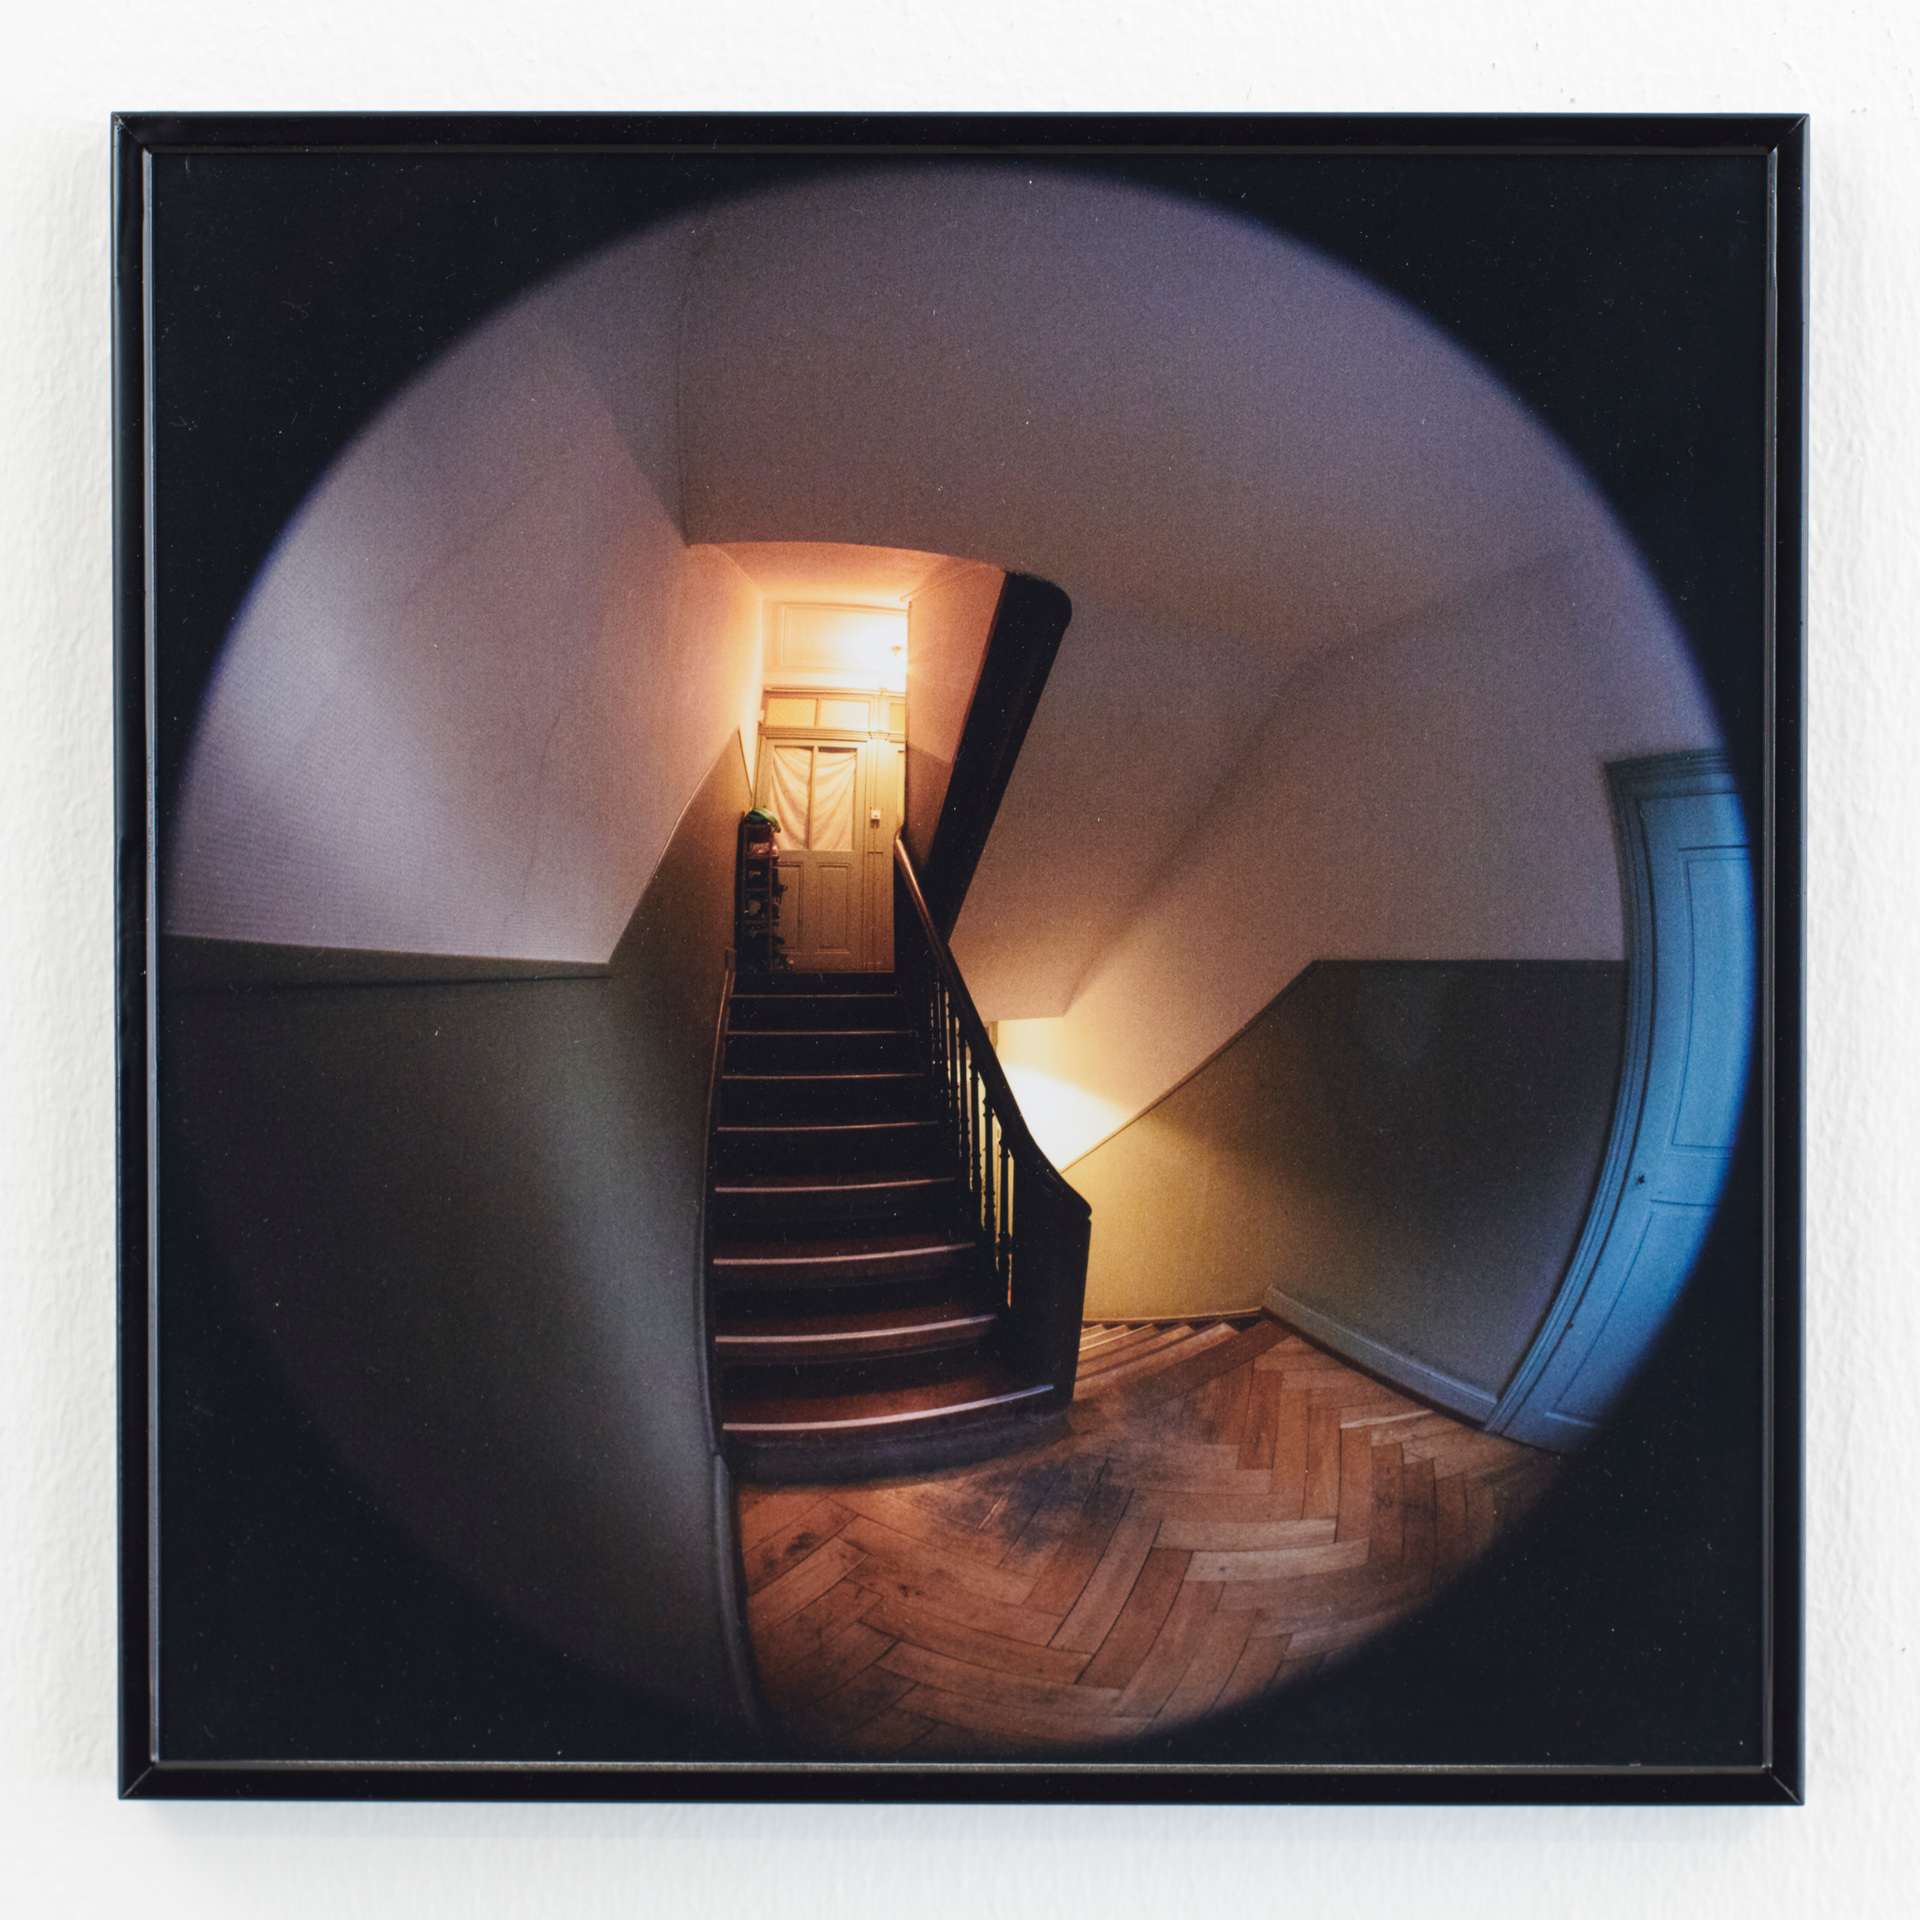 Emanuel Rossetti, “Stairs”, 2020
Digitaler C-Print, 30x30cm, gerahmt
Photo Credit: Flavio Karrer
Courtesy: Karma International, Zürich

———

→ **TASK DESCRIPTION**
Copy out every line above, word for word, minus images.

→ **ANSWER BOX**
 Emanuel Rossetti, “Stairs”, 2020
Digitaler C-Print, 30x30cm, gerahmt
Photo Credit: Flavio Karrer
Courtesy: Karma International, Zürich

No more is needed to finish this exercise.